In a normal program , If modifying the length of a string is less common , So it's acceptable to perform a memory reallocation with each modification , however Redis As a database , It's often used for speed requirements 、 Where data is frequently modified , If you have to perform a memory reallocation every time you modify the string , Then the time of memory reallocation alone will take up a large part of the time of modifying the string , If this modification happens frequently , There may also be a performance impact . for fear of C String this flaw ,SDS Uncorrelating string length with underlying array length through unused space , stay SDS in ,buf The length of an array is not necessarily the number of characters plus one , The array can contain unused bytes , And the number of these bytes is determined by SDS Of free Property record , Unused bytes through byte array (free) This member variable ,SDS Two optimization strategies of space preallocation and lazy space release are realized .
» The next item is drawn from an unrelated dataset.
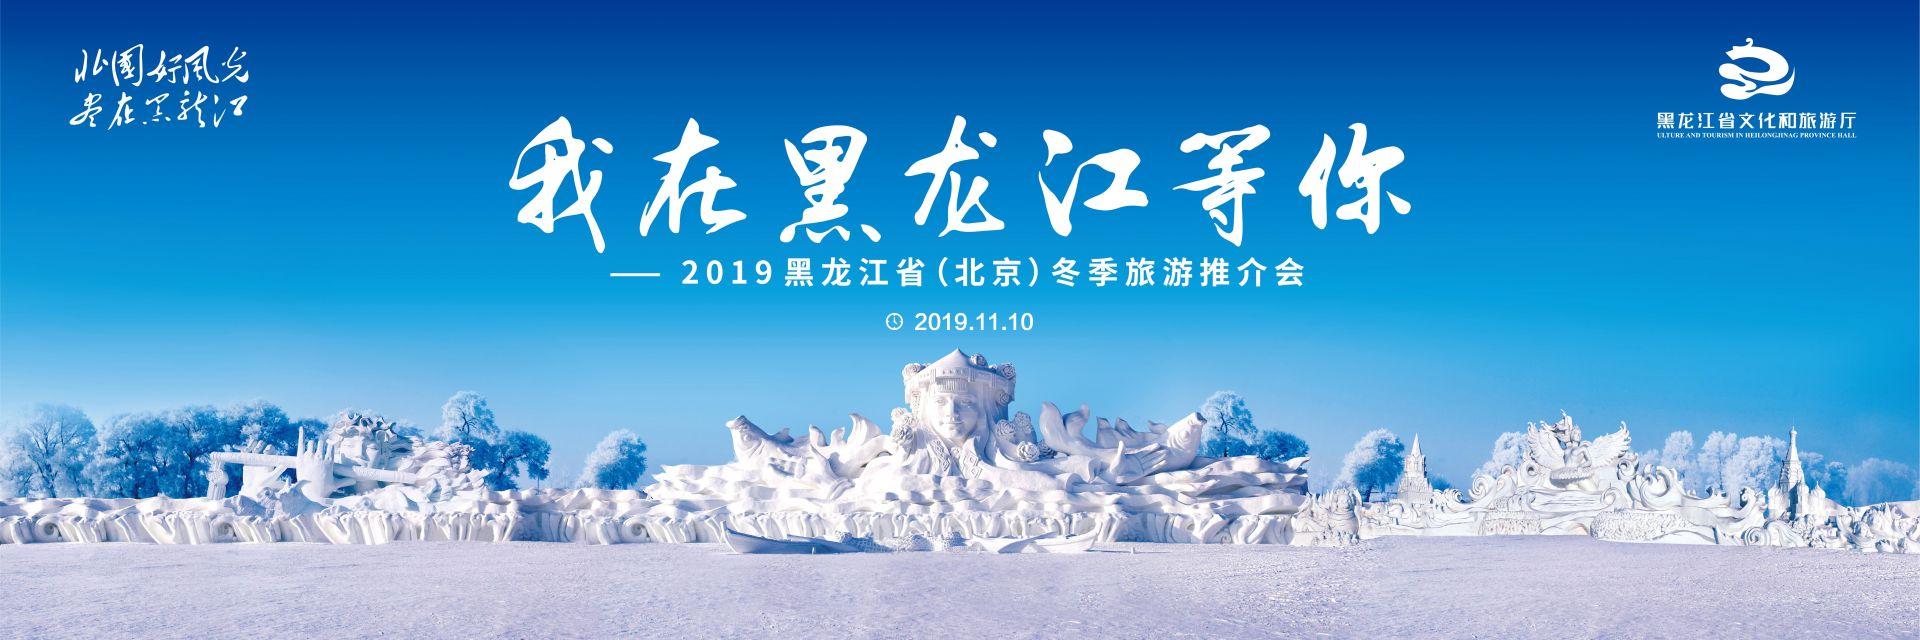 2019黑龙江冬季旅游推介会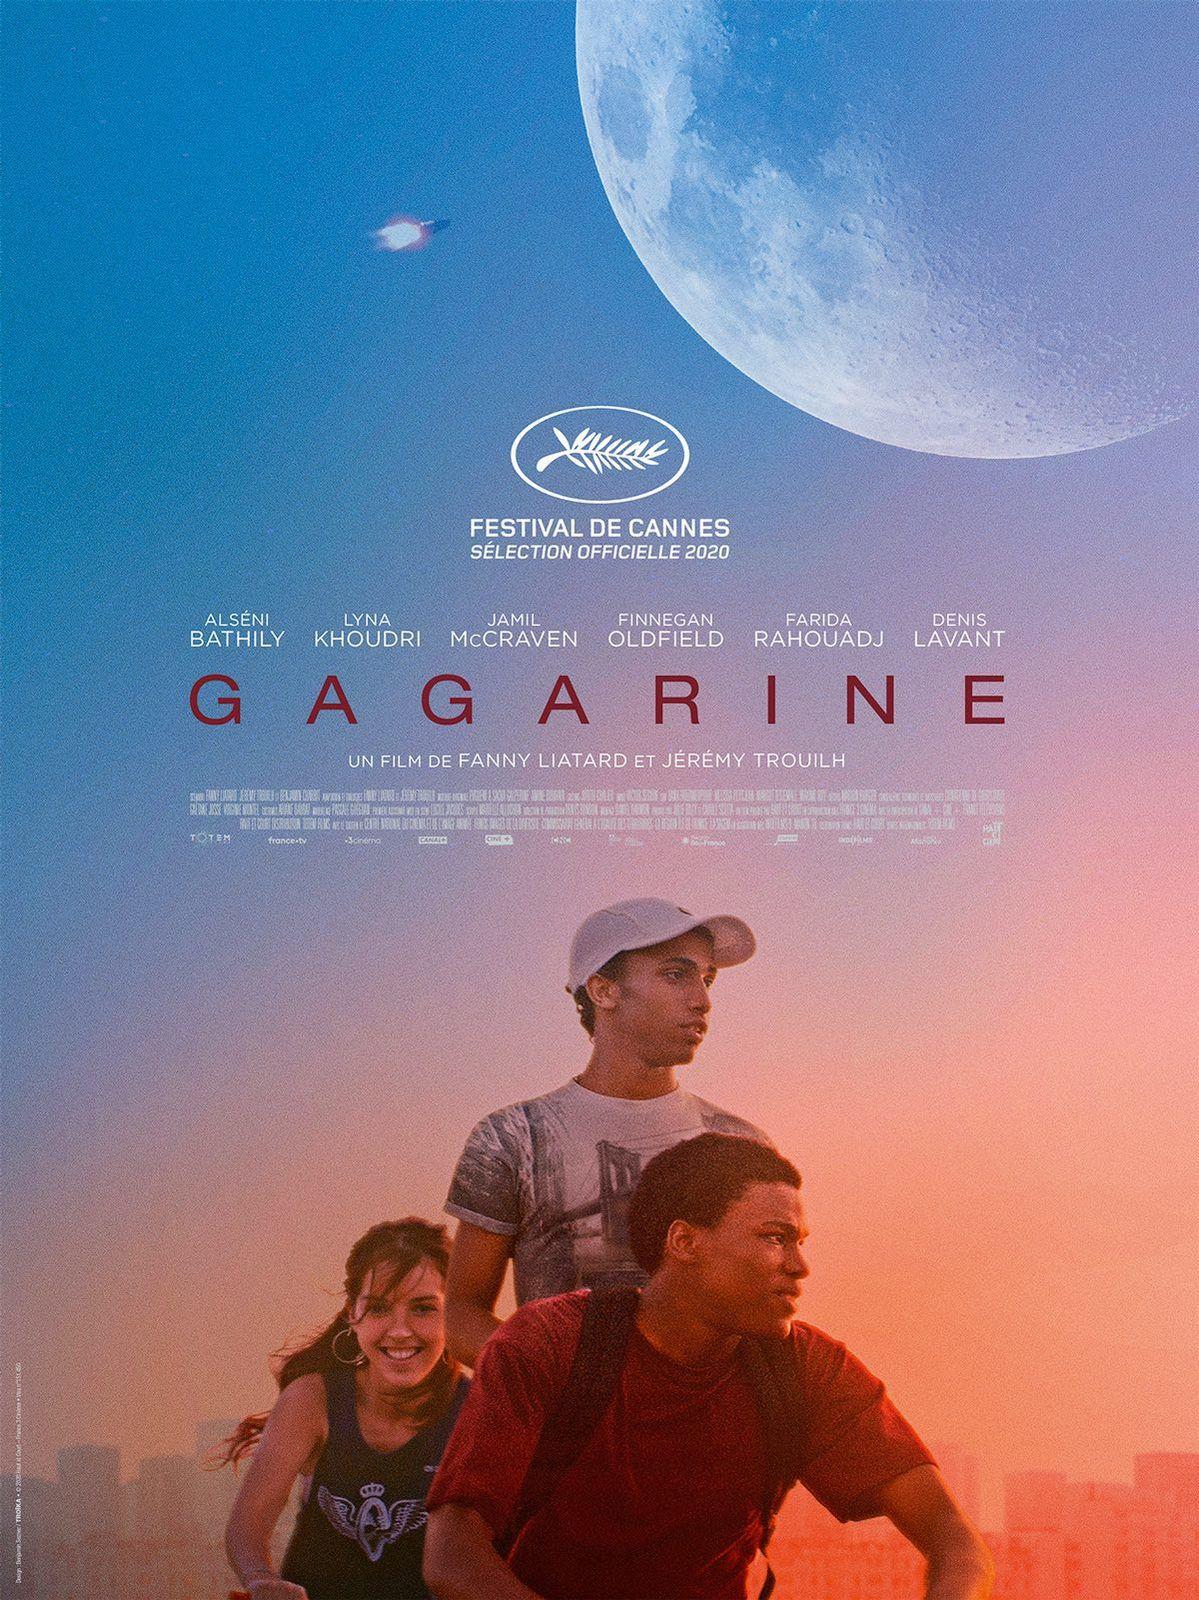 Teaser vidéo du film Gagarine.

Space is pre-allocated for optimization SDS Byte array growth operation , When SDS Of API To a SDS  Make changes , And when capacity expansion is required , Not only will the program be SDS Allocate the necessary space , Also for SDS Allocate free space . among , The extra free space allocated is determined by the following policy :

  • If after expansion len Will be less than 1 MB , Then the allocated free space will be the same as len It's the same size , namely free be equal to len, Now buf The actual byte size of the array is free + len + 1.
  • If after expansion len Will be bigger than the 1 MB , Then the allocated free space is 1MB size .

Lazy space release for optimization SDS String shortening operation , When SDS Of API When you need to shorten the saved string , The program does not immediately try to reallocate memory to reclaim extra bytes , But use free Property records the number of these bytes , And wait for future use . meanwhile ,SDS The corresponding API , So that when we need to , The real release SDS Of free space , So don't worry about the memory waste caused by the idle space release strategy .

Through this pre allocation strategy ,SDS Will continue to grow N The number of memory reallocation times required by the secondary string must be N Down to the most N Time . Besides ,C The characters in the string must match some encoding , And besides the end of the string , The string cannot contain empty characters , Otherwise, the first null character read by the program will be mistaken for the end of the string , So these restrictions make C Strings can only hold text data , Instead of saving pictures 、 Audio 、 video 、 Compressed files and other binary data . Such as the following string , use  C String to save the following words ’Now‘ Will be ignored .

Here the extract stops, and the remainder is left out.